Un autre effet immédiat de l'opération israélienne est la psychose qui s'est répandue parmi tous les membres du Hezbollah. D'une part, l'incertitude générée. Personne ne peut savoir quelle est l'ampleur réelle du sabotage, quels autres éléments ont été trafiqués - en effet, tout élément électronique est susceptible d'avoir suivi la même voie. Et l'effet de cette inconnue sur les individus et l'organisation peut être dévastateur, les obligeant a priori à se méfier de tout.
Mais il faut ajouter à cela l'inquiétude que suscite le niveau d'infiltration qui a été découvert. Pour une opération de cette envergure, non seulement d'énormes ressources et capacités techniques sont nécessaires, mais le rôle des actions de HUMINT est essentiel. Cela signifie que les services israéliens ont un niveau de pénétration beaucoup plus élevé que ce qui avait été estimé précédemment, non seulement en termes de quantité mais aussi de qualité des sources. Ce qui conduit inévitablement, une fois de plus, à la méfiance et à une chasse aux sorcières plus que certaine.

Enfin, nous ne pouvons ignorer les conséquences pour les autres milices et pour l'Iran lui-même. Nul doute qu'en ce moment même, à Téhéran, on se demande jusqu'où est allé Israël. Le régime iranien lui-même a-t-il été victime de quelque chose de semblable ? Ce doute a un impact direct sur les actions futures de l'Iran. À l'heure actuelle, ses éventuelles actions de représailles, s'il y en a, doivent être beaucoup plus mesurées face aux inquiétudes concernant ce qui pourrait se produire ensuite.
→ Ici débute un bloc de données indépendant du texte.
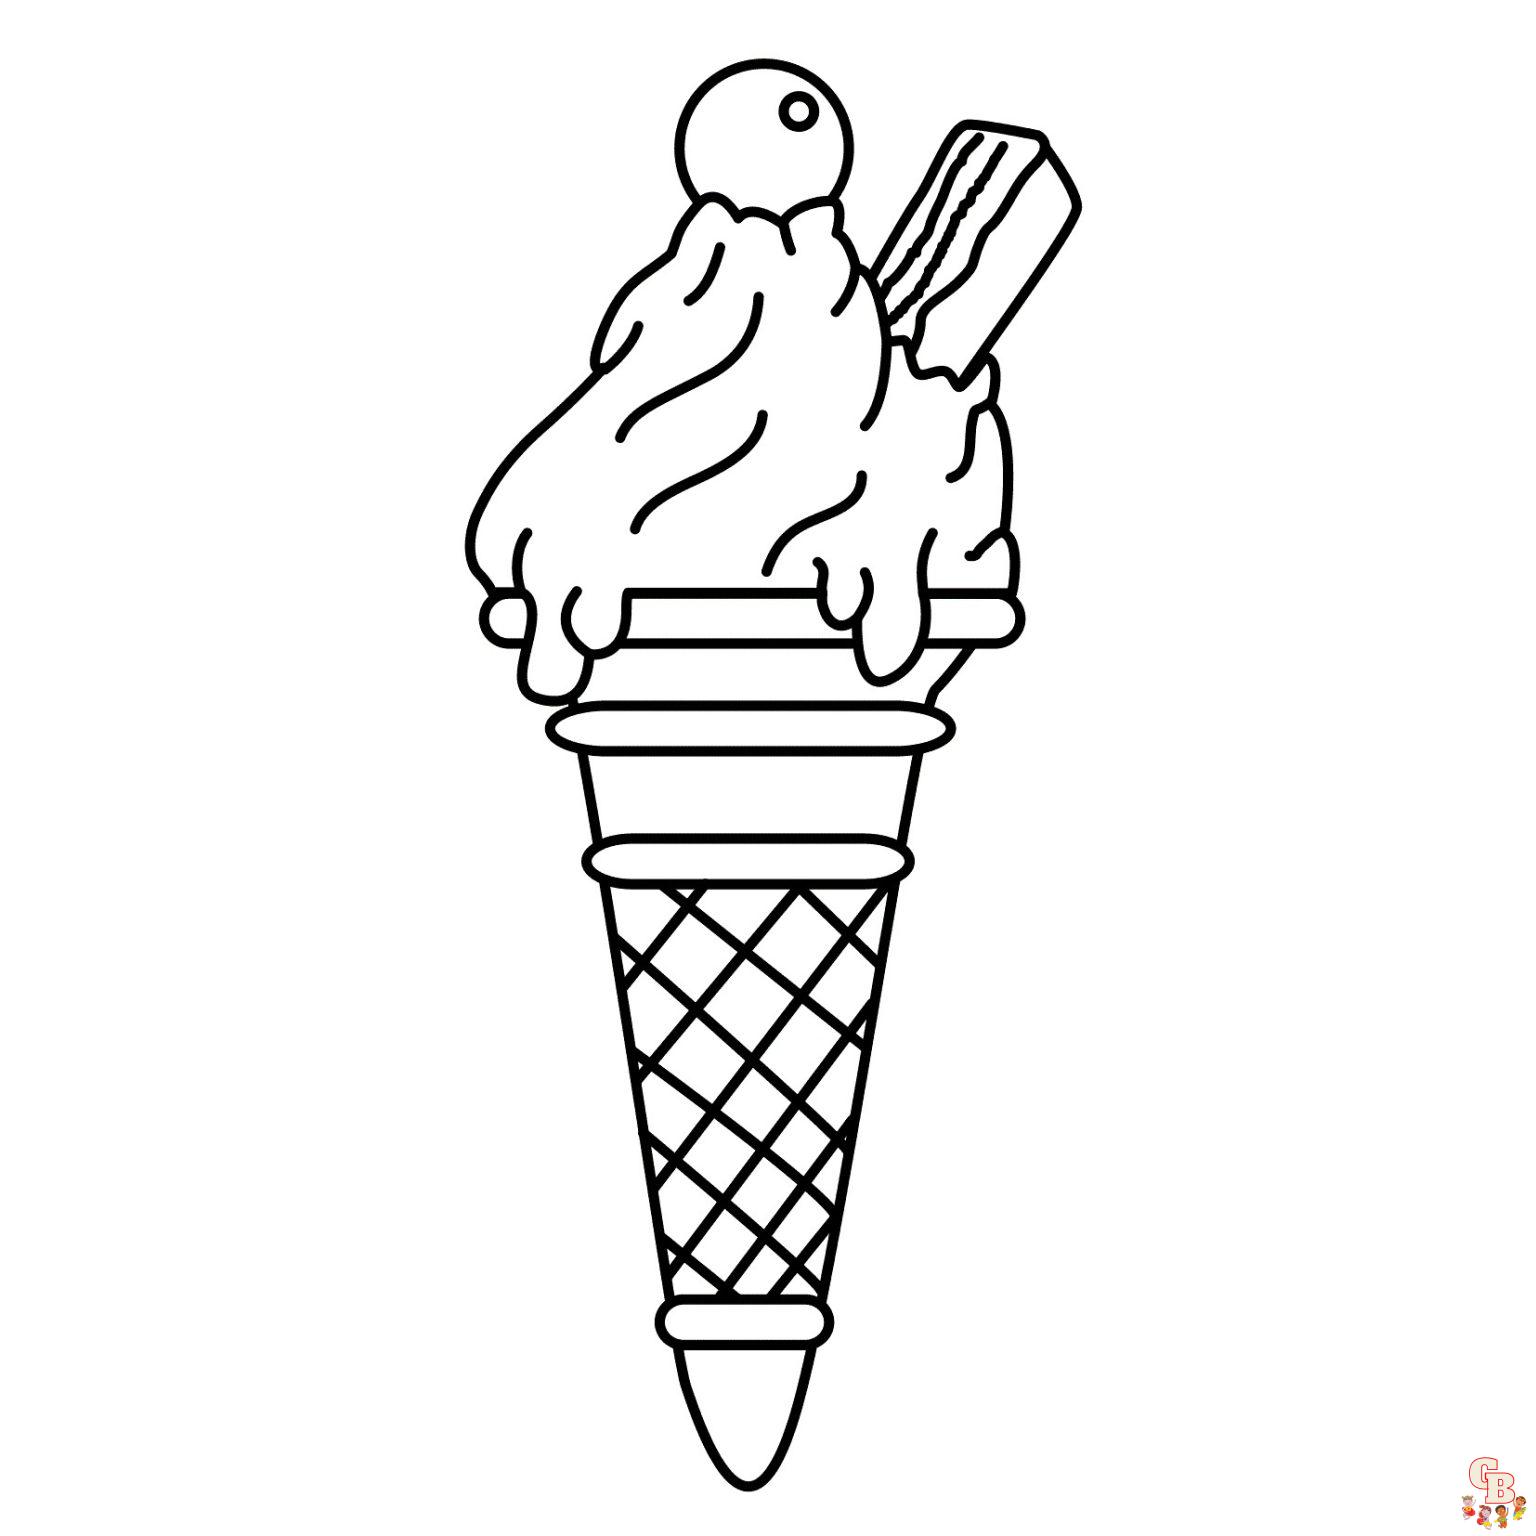 ijsjes 01 1536x1536 1

Personne ne sait avec certitude combien d'atouts l'État hébreu a encore dans sa manche.
L'action spectaculaire a ouvert un certain nombre de possibilités à considérer. L'une d'elles, la moins probable, est que le Hezbollah, face à la peur générée, resserre les rangs, se retire et évite toute nouvelle provocation à l'égard d'Israël. L'autre option, à notre avis la plus probable, est qu'Israël profite de la confusion et des effets de son opération pour continuer à créer les conditions optimales, de sorte que lorsque le moment sera venu d'intervenir au Liban, ce sera aussi rapide et meurtrier que possible pour le Hezbollah, sécurisant ainsi sa frontière septentrionale pour longtemps.

Ce qui est certain, c'est que l'opération de la semaine dernière a constitué un changement de paradigme. Comme l'ont dit certains experts réputés, le front se trouve désormais à la maison, dans la cuisine, dans la voiture ou au bureau.